La sécurité des tours était assurée par Securacom, avec la famille Bush à la direction, et par Kroll, contrôlée par AIG et donc Maurice Raymond "Hank" Greenberg né à Chicago, lui-même ancien chef de la Fed de New York. A la télé, on entendit souvent Paul Bremer et le PDG de Kroll, Jérôme Hauer, formé à l’université John Hopkins, passé par IBM, et nommé en 1996 par le maire Giuliani à la tête de l’Office of Emergency Management, qui remplaçait désormais le département de la police pour superviser les états d’urgences. C’est aussi Jérôme Hauer qui avait suggéré au maire Giulani de construire ce qui est devenu le bunker situé dans le bâtiment N°7 du WTC. Et Hauer avait mené à sa perte l’agent du FBI et éminent spécialiste d’Al Qaïda John O’Neill, en l’affectant la veille du 11-septembre à son nouveau poste dans un bureau des Twin towers.
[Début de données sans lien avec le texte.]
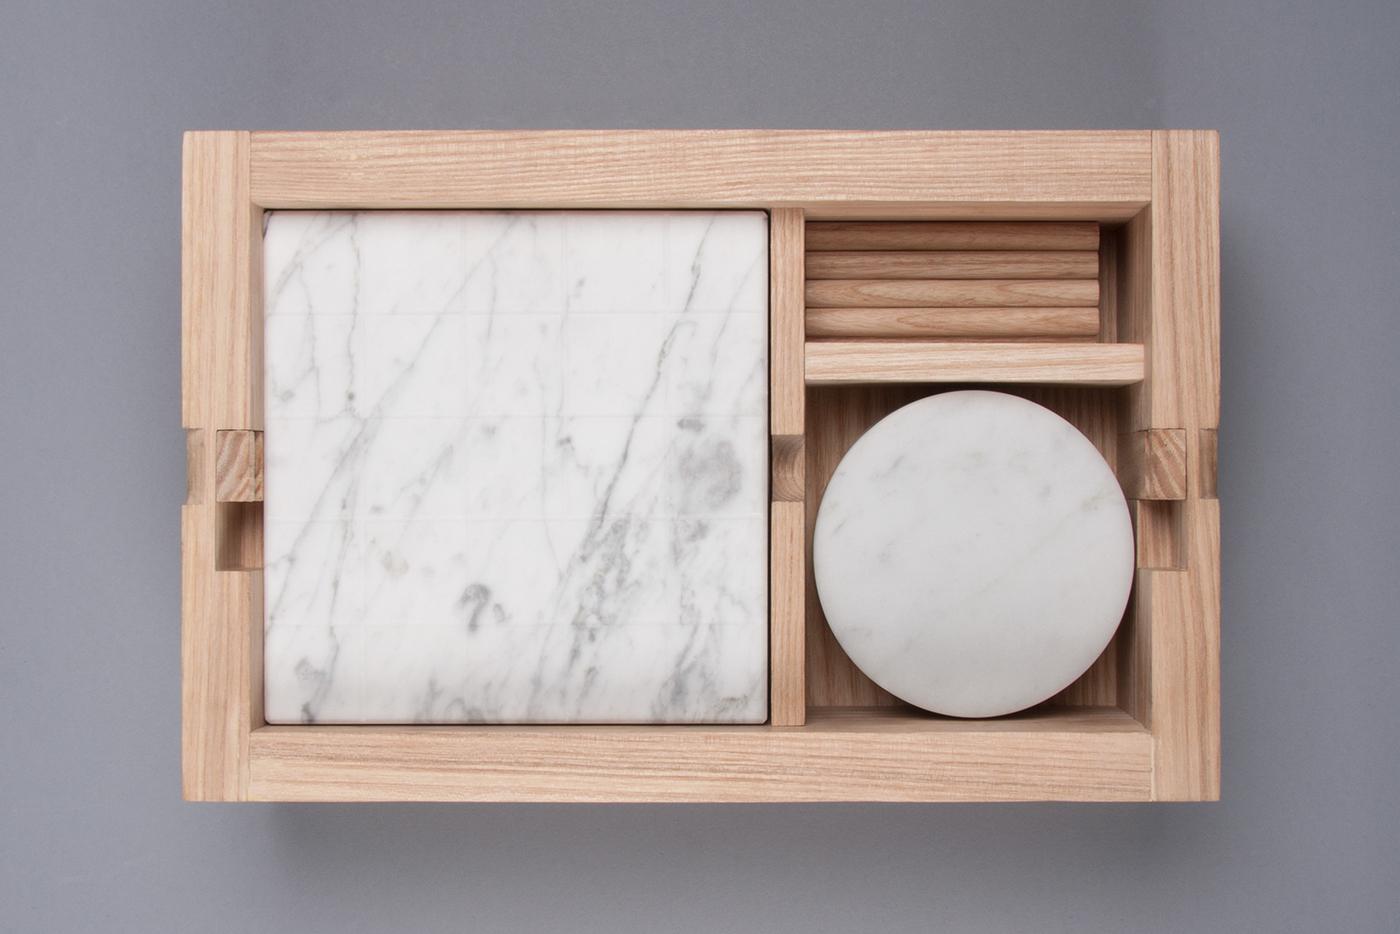 shkatulka izba project izba storage kit casket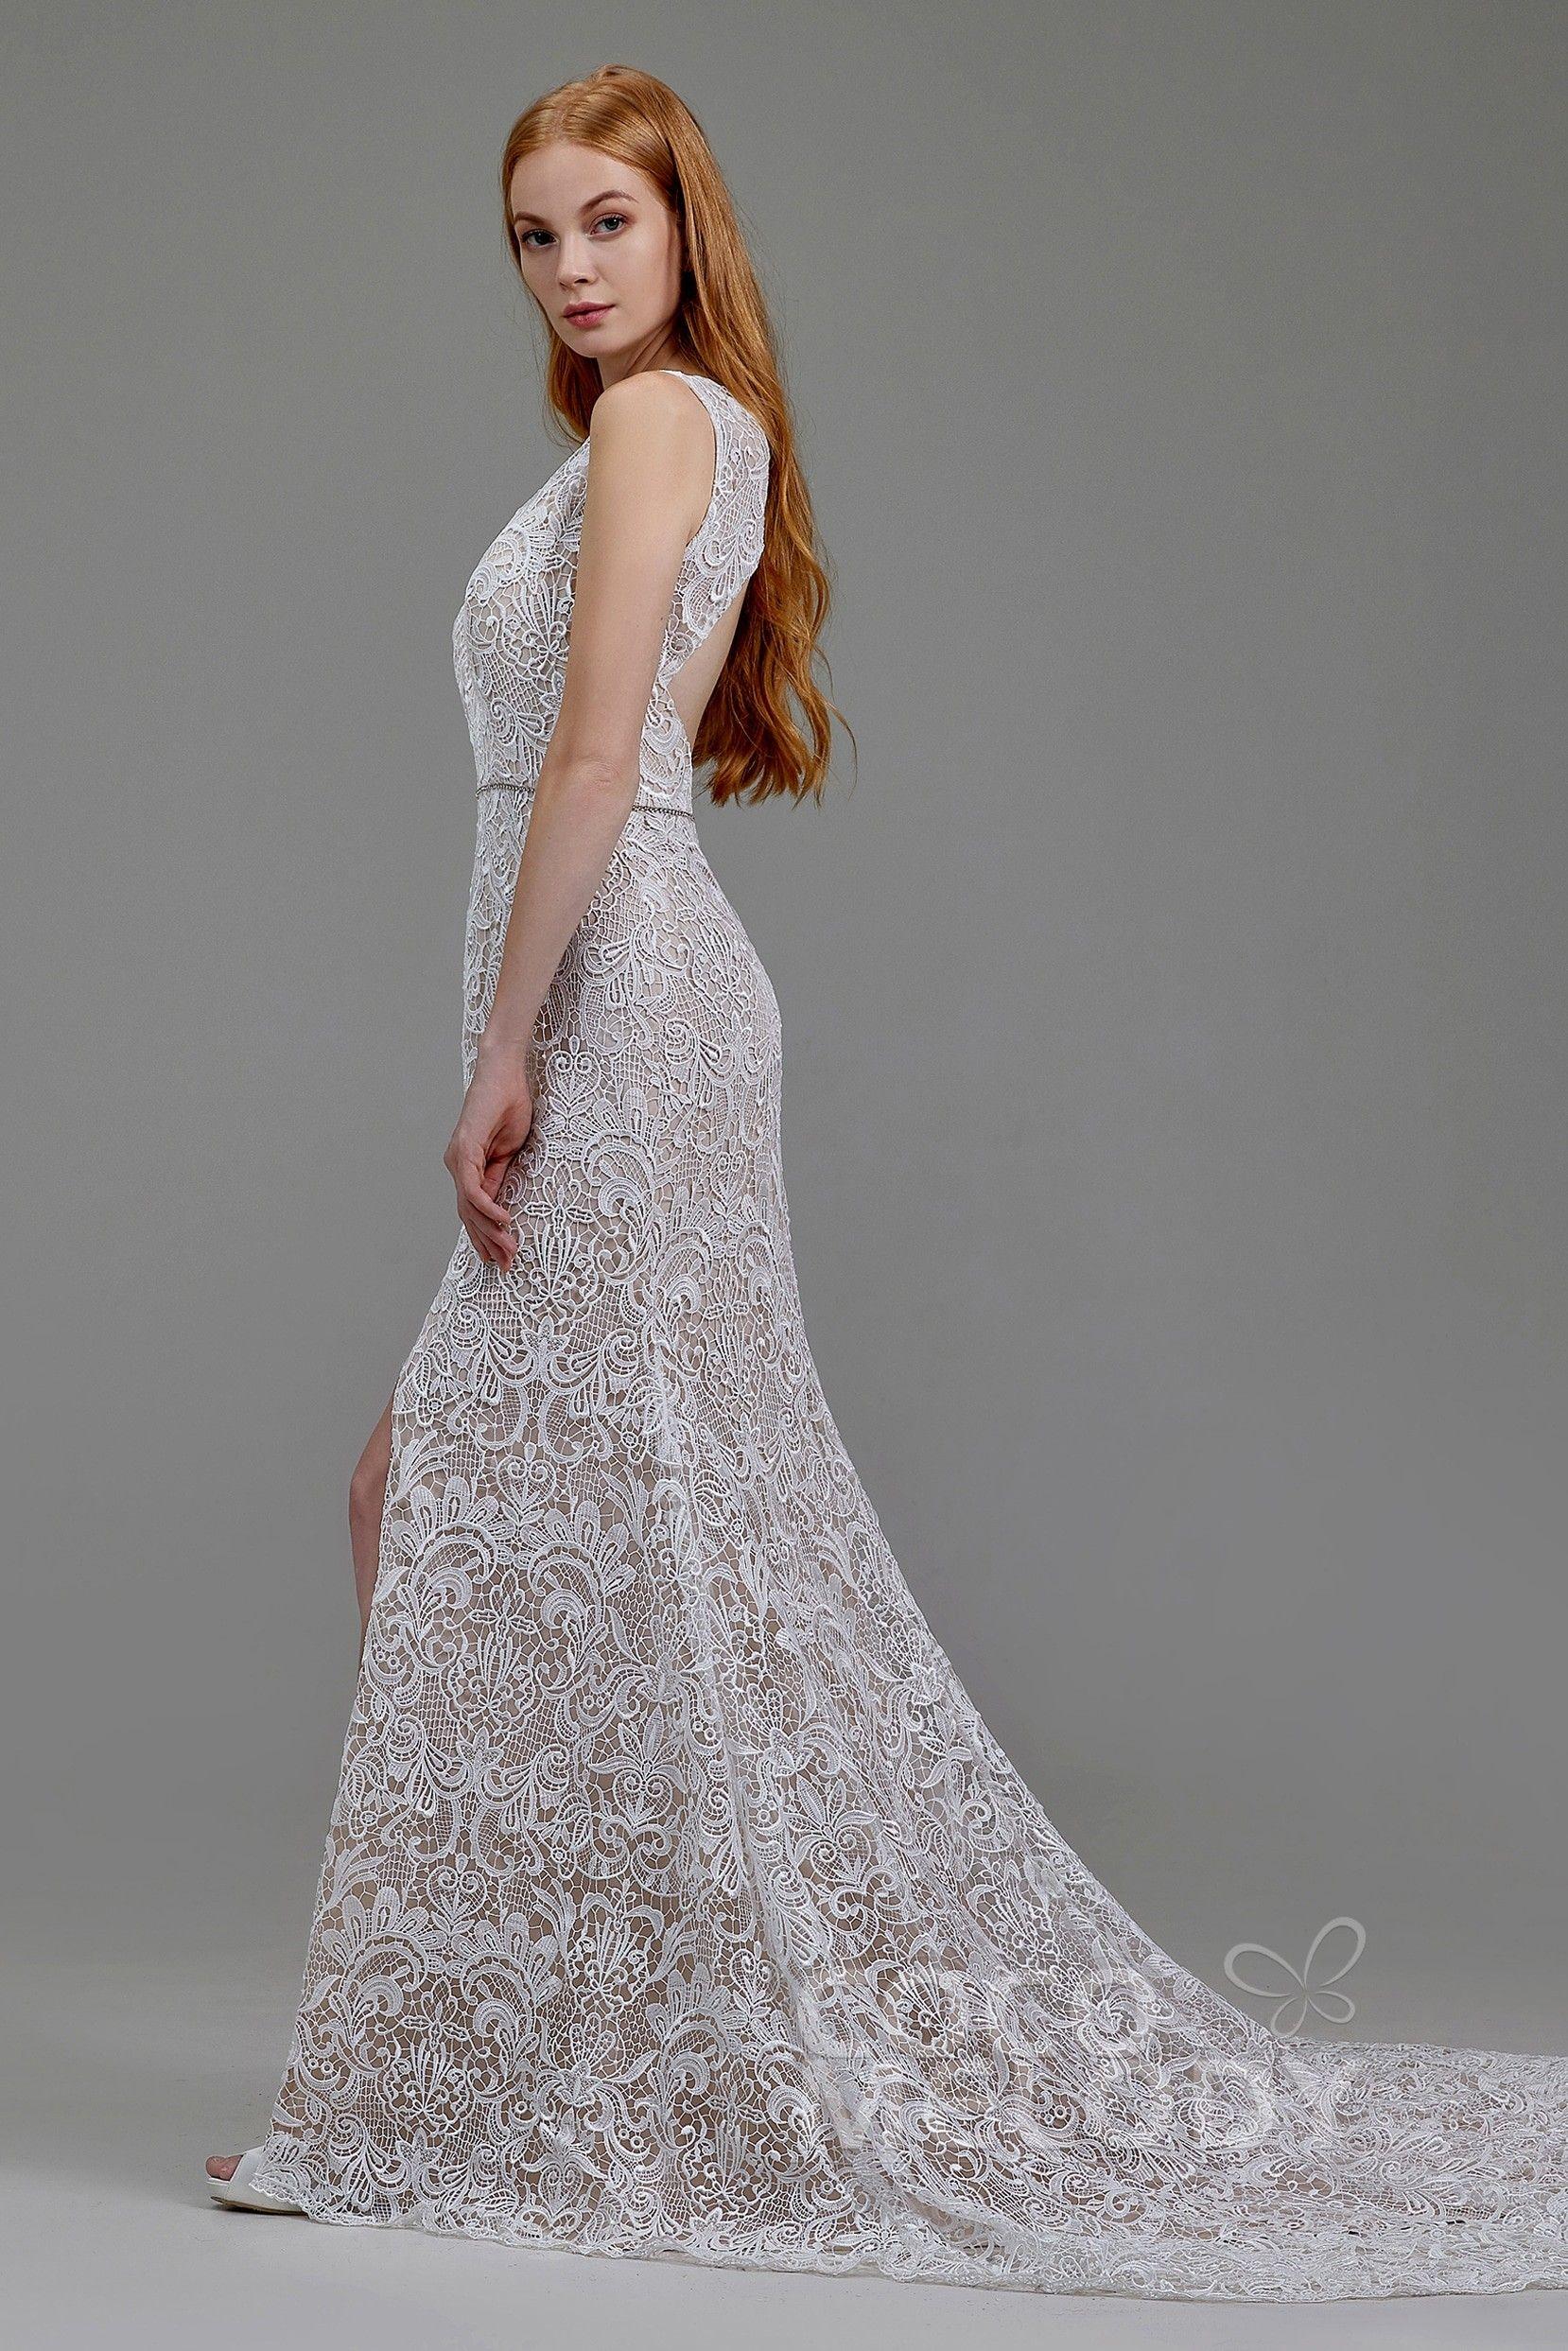 Classic Natural Court Train Lace Wedding Dress Ld5782 Cocomelody Cocomelody Weddingdress Br Wedding Dresses Lace Ball Gowns Wedding Classic Wedding Dress

Mr. Hauer, lors d’une de ses nombreuses apparitions télévisées avait, en réponse à une question soulevant la possibilité de bombes pré-positionnées, immédiatement répondu « non », coupant presque le journaliste pour étouffer toute contestation. Il pensait « juste » « simplement », que les effondrements étaient dus aux feux intenses, à l’impact commis par les avions sur la structure, et à la « vélocité » des avions (joli terme technique bien appris à l’avance et répété deux fois !). Il pointait du doigt, cette-fois après la suggestion d’un journaliste peut-être mis sur la voie, la possibilité que cela ait « les empreintes de Ben Laden » sans forcément d’Etat derrière. Ce qui permet de viser tous les pays qui abritent des terroristes… Dans une autre interview il avait annoncé que l’on « s’inquiétait de l’instabilité du building 7 ». N’avait-il pas bien préparé, et la version officielle, et le terrain.

D’autres « Geronimos » rattrapés à cause du 11-septembre ?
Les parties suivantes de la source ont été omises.